INFORMATION PROVIDED Block Start
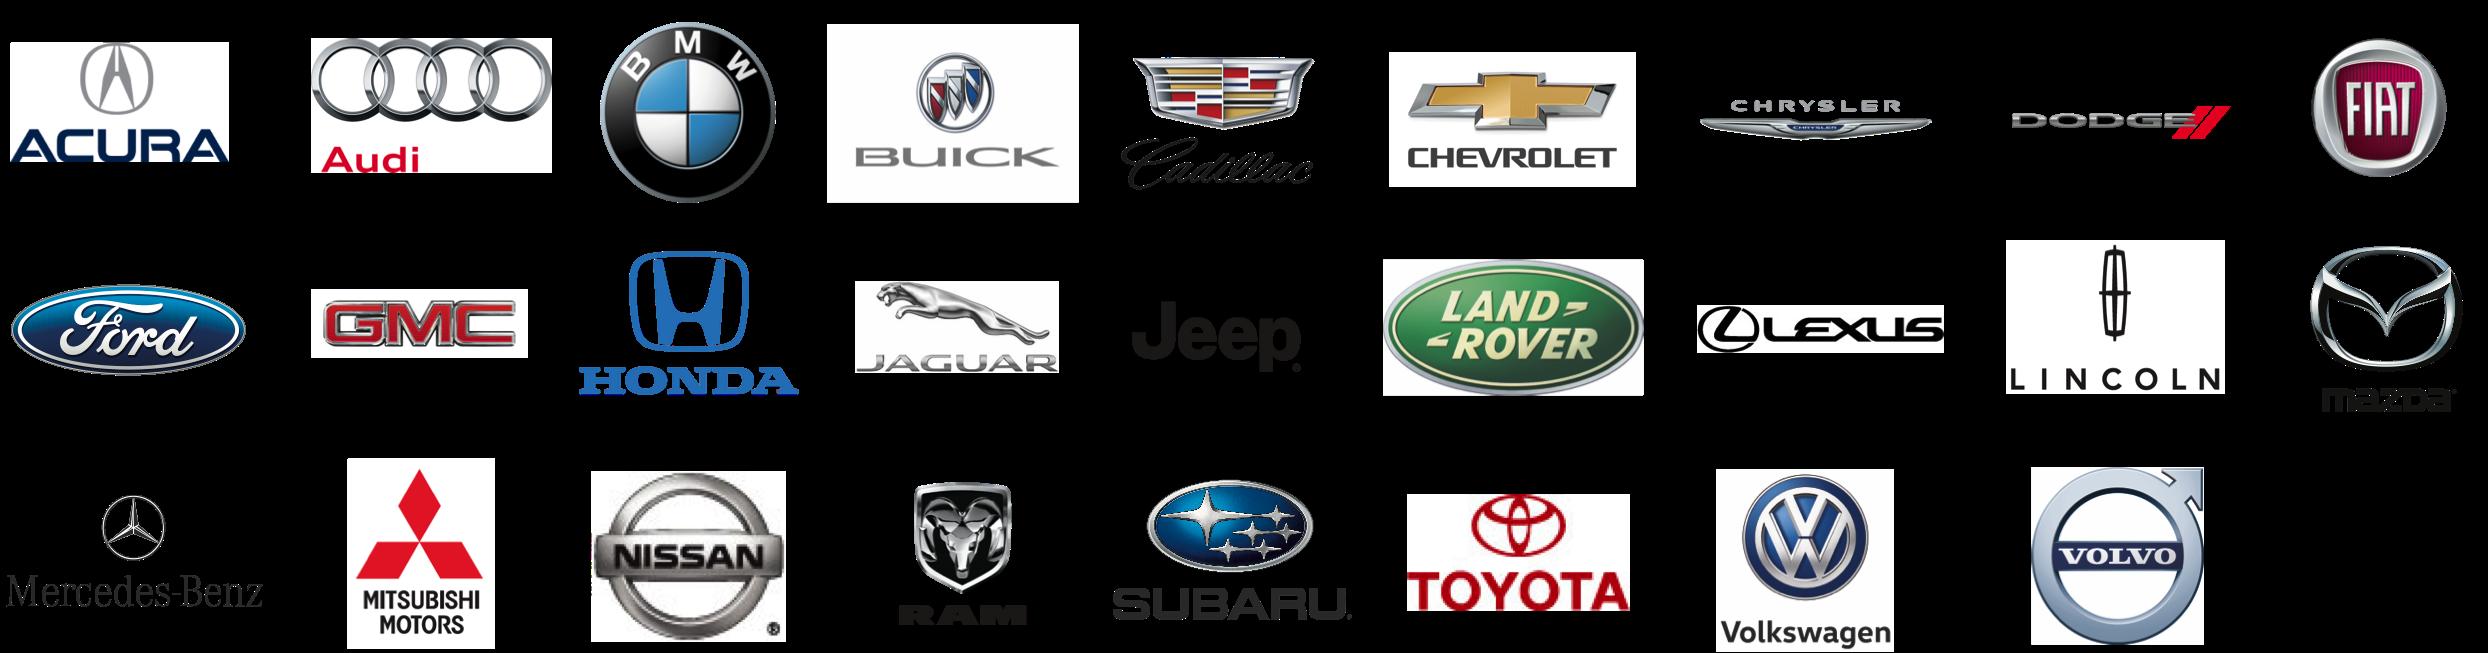 18_17-website-logos
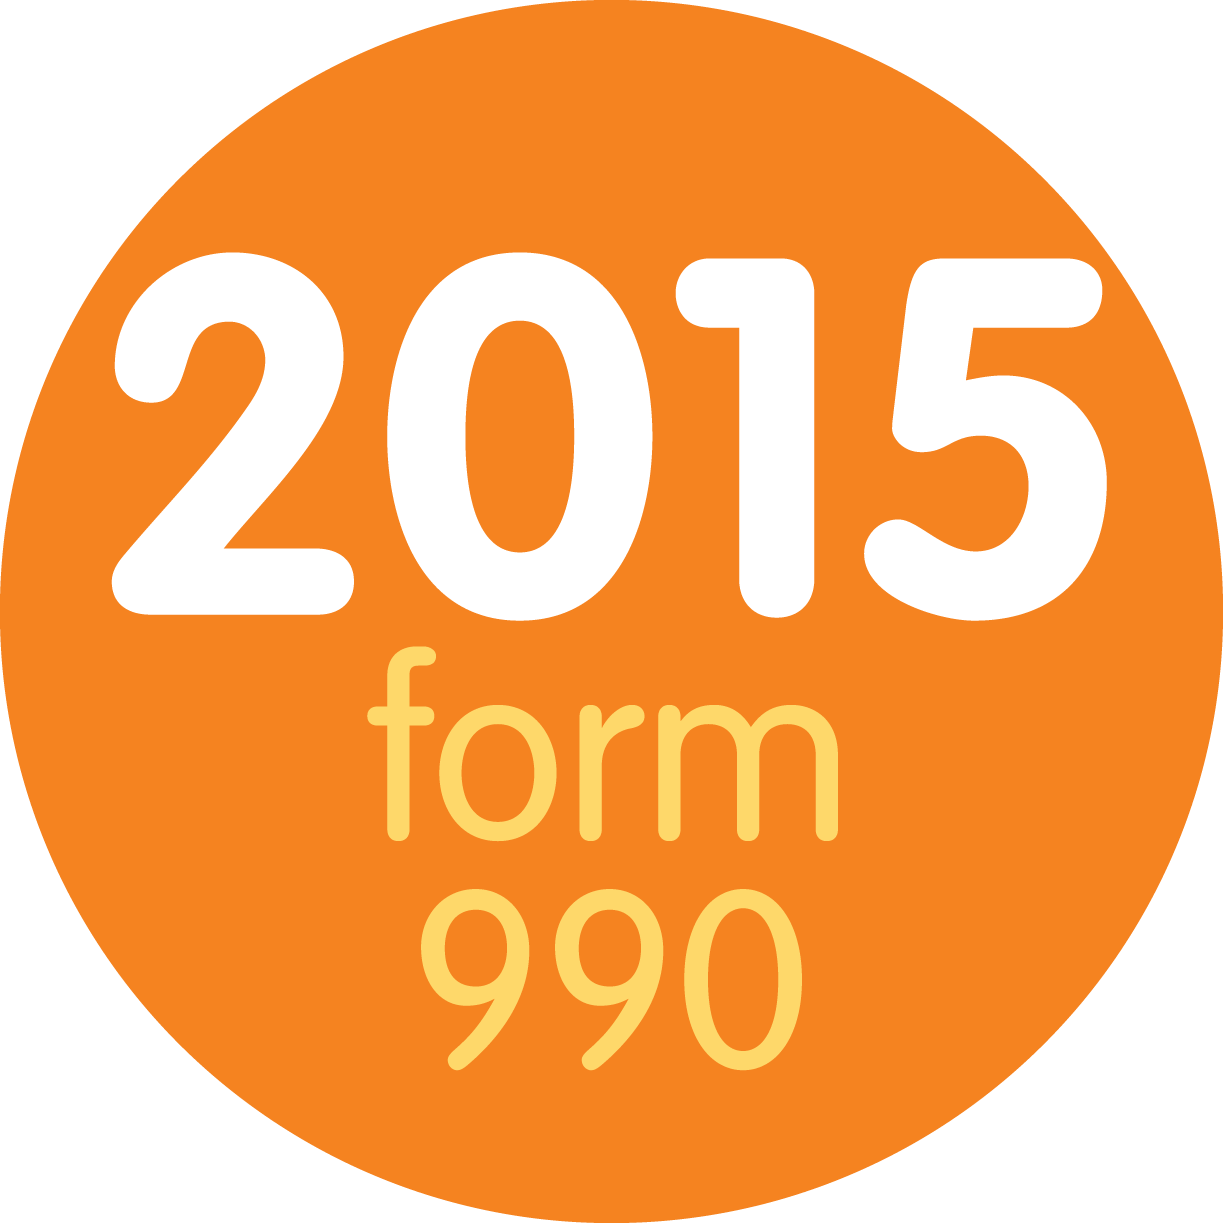 2015 Form 990
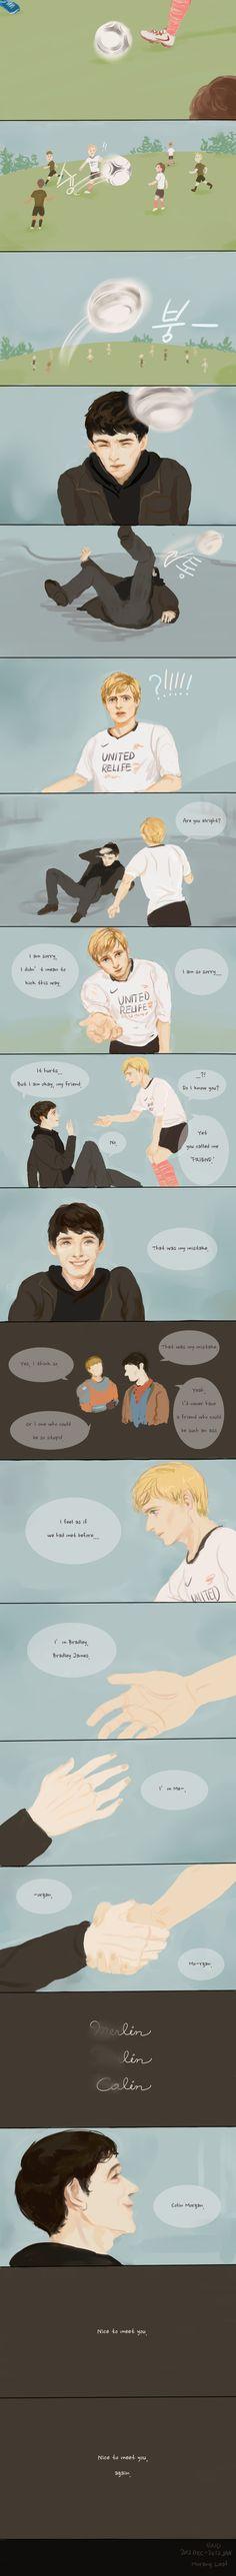 Merlin, Colin, and Bradley
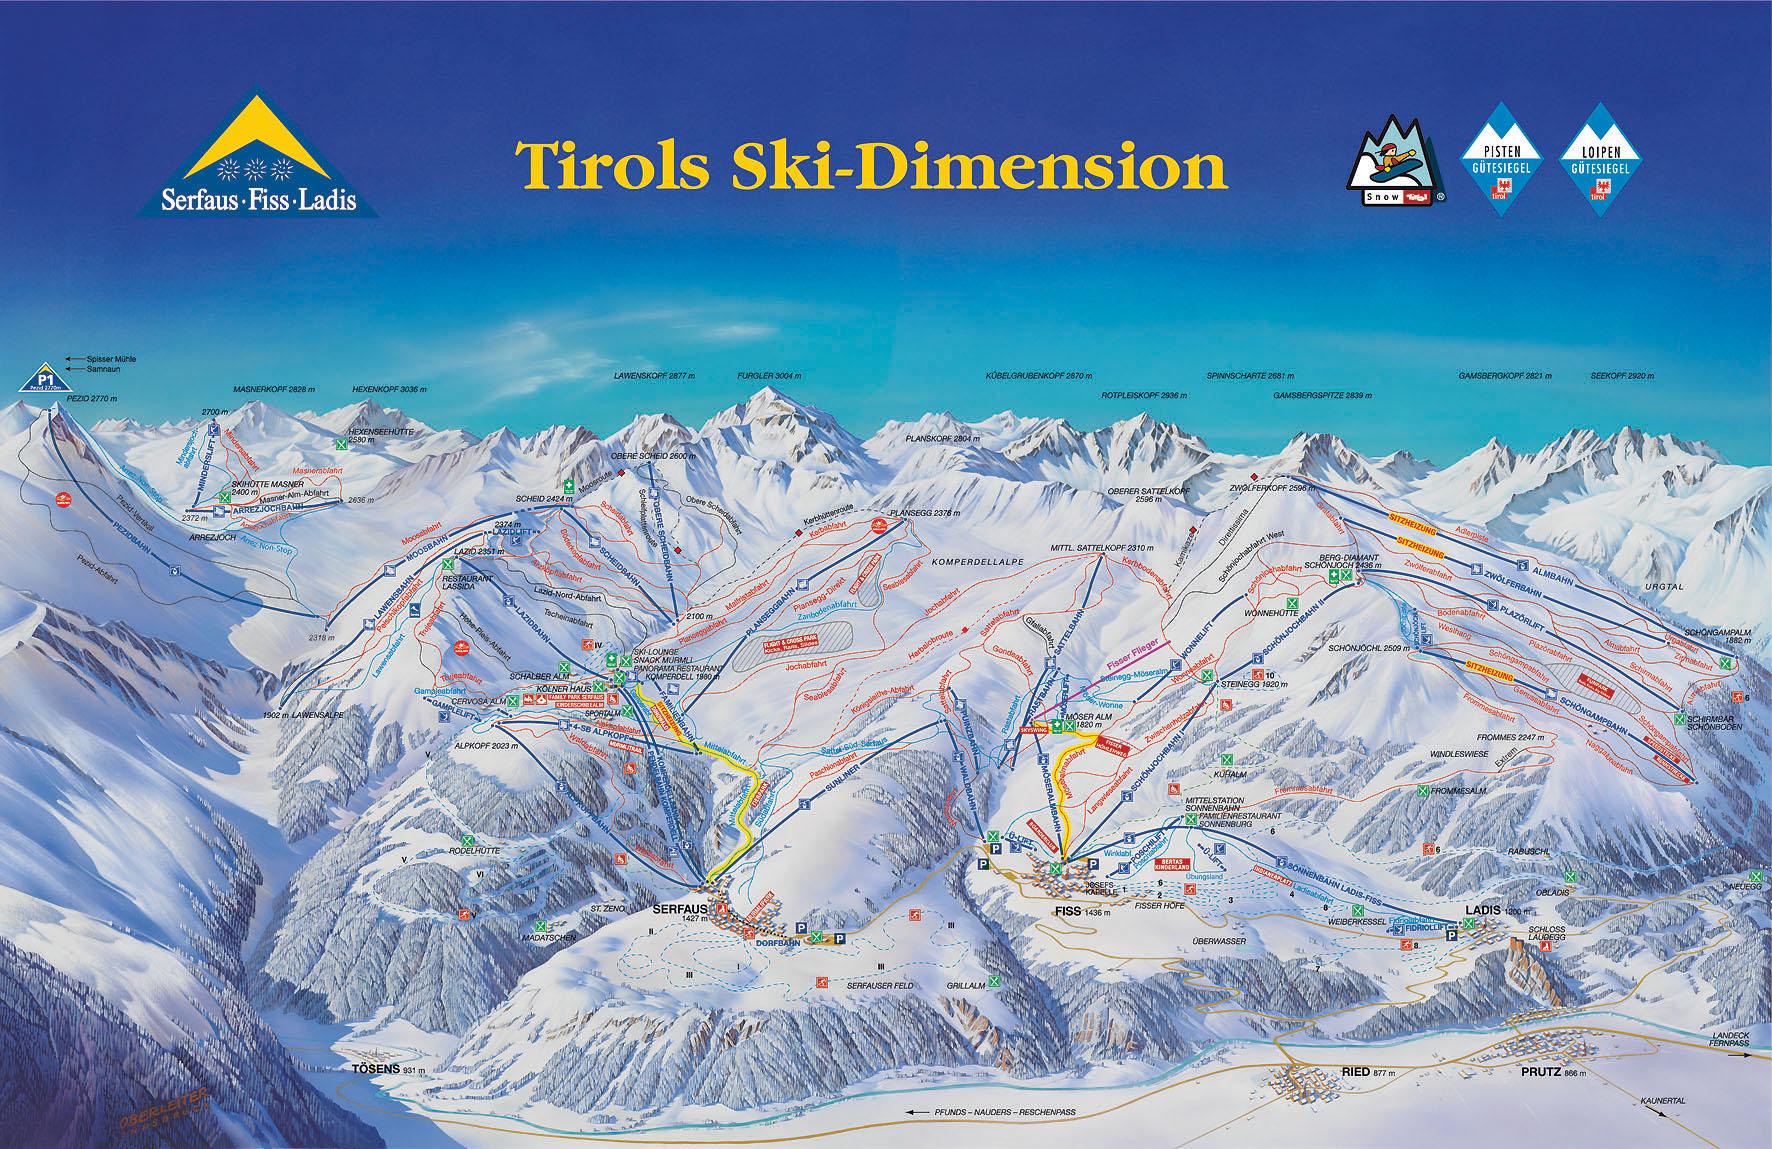 Serfaus-Fiss-Ladis ski mapa
INFORMATION PROVIDED Block End
- **TASK STATEMENT**
The listing above is to be retyped word for word, with the pictures omitted.

- **ANSWER TO THIS PROBLEM**
 18_17-website-logos
 2015 Form 990
 Merlin, Colin, and Bradley
 Serfaus-Fiss-Ladis ski mapa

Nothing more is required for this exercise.